By comparison, it can be seen that with the addition of the drag-free module, the average single-core running time of many cycles is close to 80 ms, with the risk of exceeding the deadline, which also shows the necessity of carrying out the design of SMU based on multi-core processor. The average maximum multi-core speedup ratio of our scheduling method is 1.91, while the average maximum multi-core speedup ratio of the static scheduling is 1.97. It indicates that with the increase in the work load, the gap between the multi-core speedup ratio of the two scheduling methods also increases gradually, but still in a small range. The static scheduling scheme needs to be redesigned carefully. Our scheduling method only needs to set the partition of the new module, which is more expandable and general. At the same time, the two methods have no significant increase in the running time after the addition of the drag-free module, indicating that both schemes can make full use of the idle time of the processor caused by the attitude and orbit control critical path and improve the multi-core speedup ratio. The comparison of three methods is summarized as shown in
Table 10.
It can be seen that the SMU designed in this paper can meet various requirements of future complex satellites, such as space gravitational wave detection satellites due to the increase in the complexity of the control algorithm, the increase in control frequency and the intelligent autonomous management of satellites.
6. Conclusions
This paper presents a design of the high-performance general-purpose SMU. Rad-hard multi-core SoC is used to improve the on-board computing power. Linux is used to manage multi-core computing resources and make the environment of SMU software consistent with that on PC. The configuration and cutting of Linux are implemented in terms of size, real-time, extensibility and support for intelligent applications. The SMU software architecture with three modes is designed to make full use of multi-core processor resources under various situations. High-performance and high-reliability mode can be switched flexibly according to the operating conditions. The software is designed to be expandable and general. Safety design for space application is also considered. In this way, the need for computing power and software management brought by the increase in the scale and complexity of SMU software and the intelligent autonomous management are satisfied.

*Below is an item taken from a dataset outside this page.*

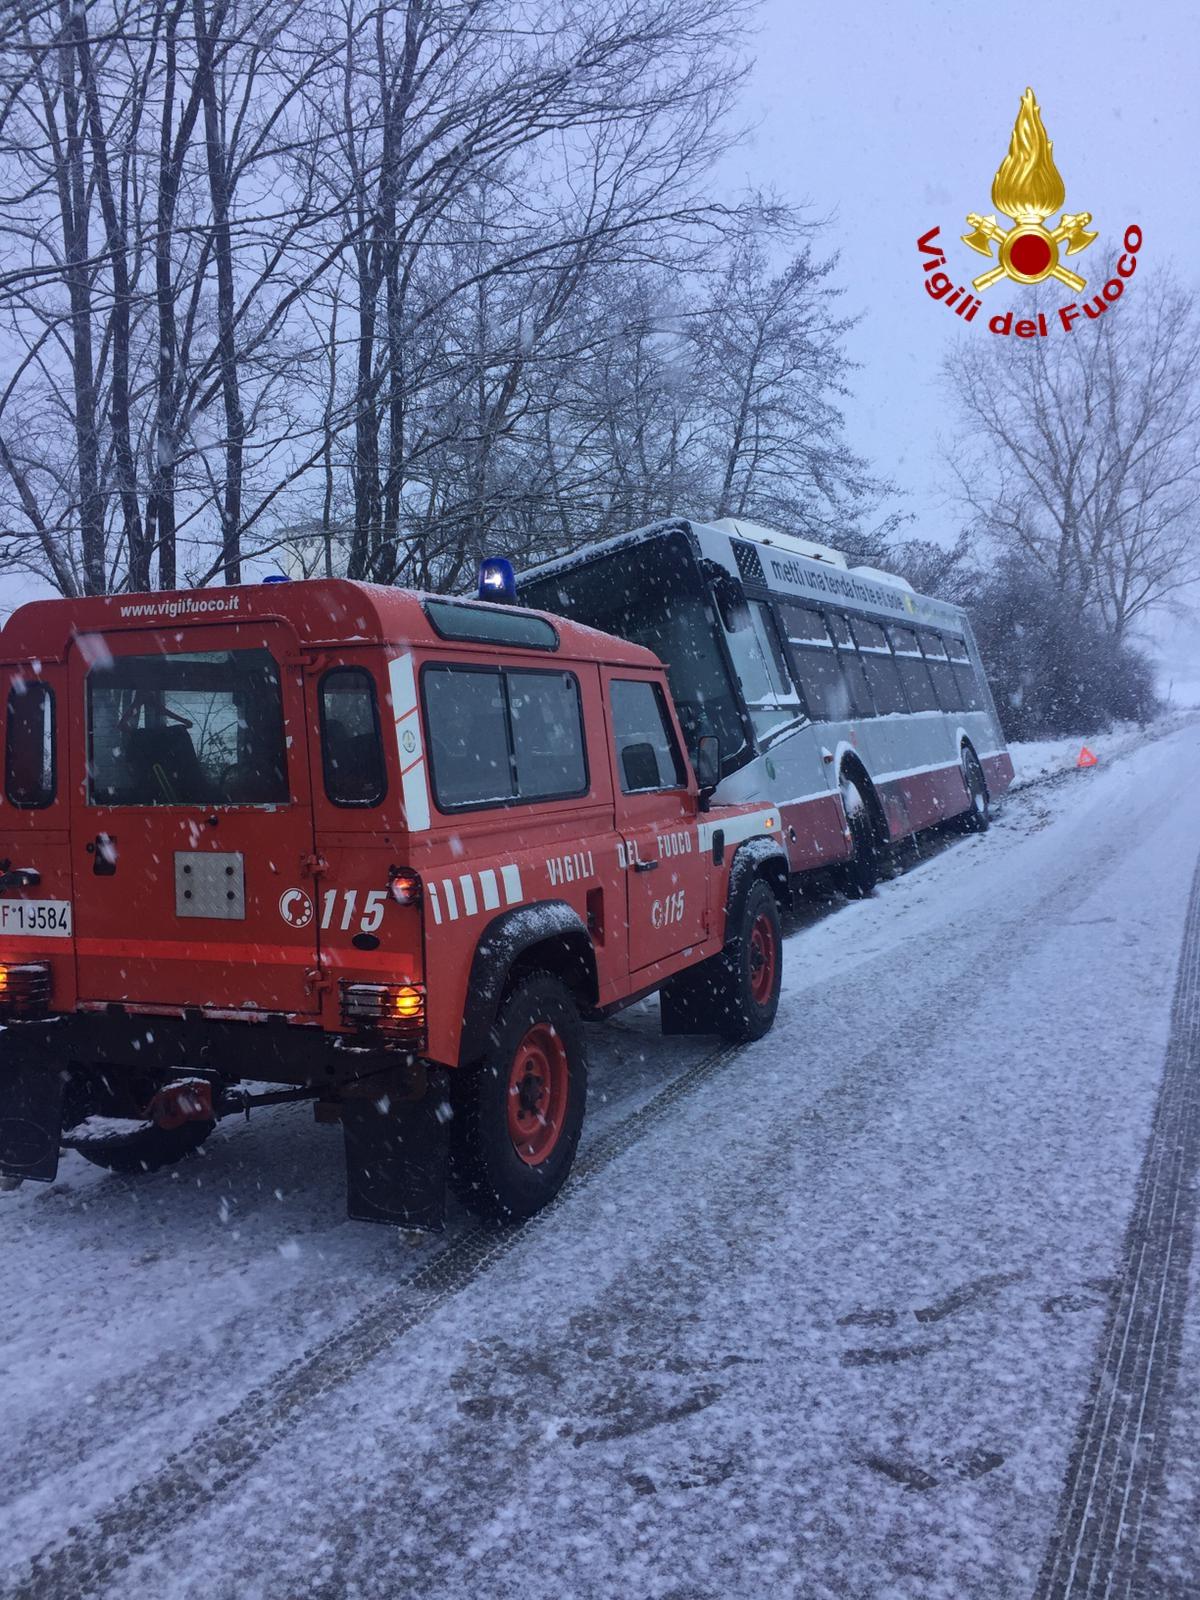 Emergenza neve e ghiaccio, medico accompagnato dai pompieri in ospedale: era atteso per un intervento chirurgico urgente

The performance experiment shows that the average jitter of the response to the periodic signal is reduced by 3.79 us, and the maximum jitter is reduced by 36 us compared with the default configuration, making the maximum jitter less than 0.05% of the cycle length, indicating a significant improvement in real-time performance. Meanwhile, under the task configuration of the performance experiment, the multi-core speedup ratio of the proposed scheduling method is 1.51, which is only 0.01 less than that of static scheduling, but it has higher scalability and generality. Then, based on the low device error rate due to heavy ions of GR740, the triplication-redundancy mode is estimated to make further improvement of the reliability in a GEO orbit environment by five orders of magnitudes. Based on the background of the space gravitational wave detection project, the application experiment and the semi-physical simulation of drag-free control further verify that the SMU designed in this paper can meet the needs of future complex satellites.
Future work includes applying the high-performance general-purpose SMU described in this paper to the new-technology experiment satellite of our institute, continuously improving the design of the high-performance general-purpose SMU through in-orbit application. Eventually, we expect to achieve more effective support for the various types of spacecrafts to meet the requirements of the autonomous management of an intelligent computing system so as to complete a variety of tasks with greater challenge and scientific value.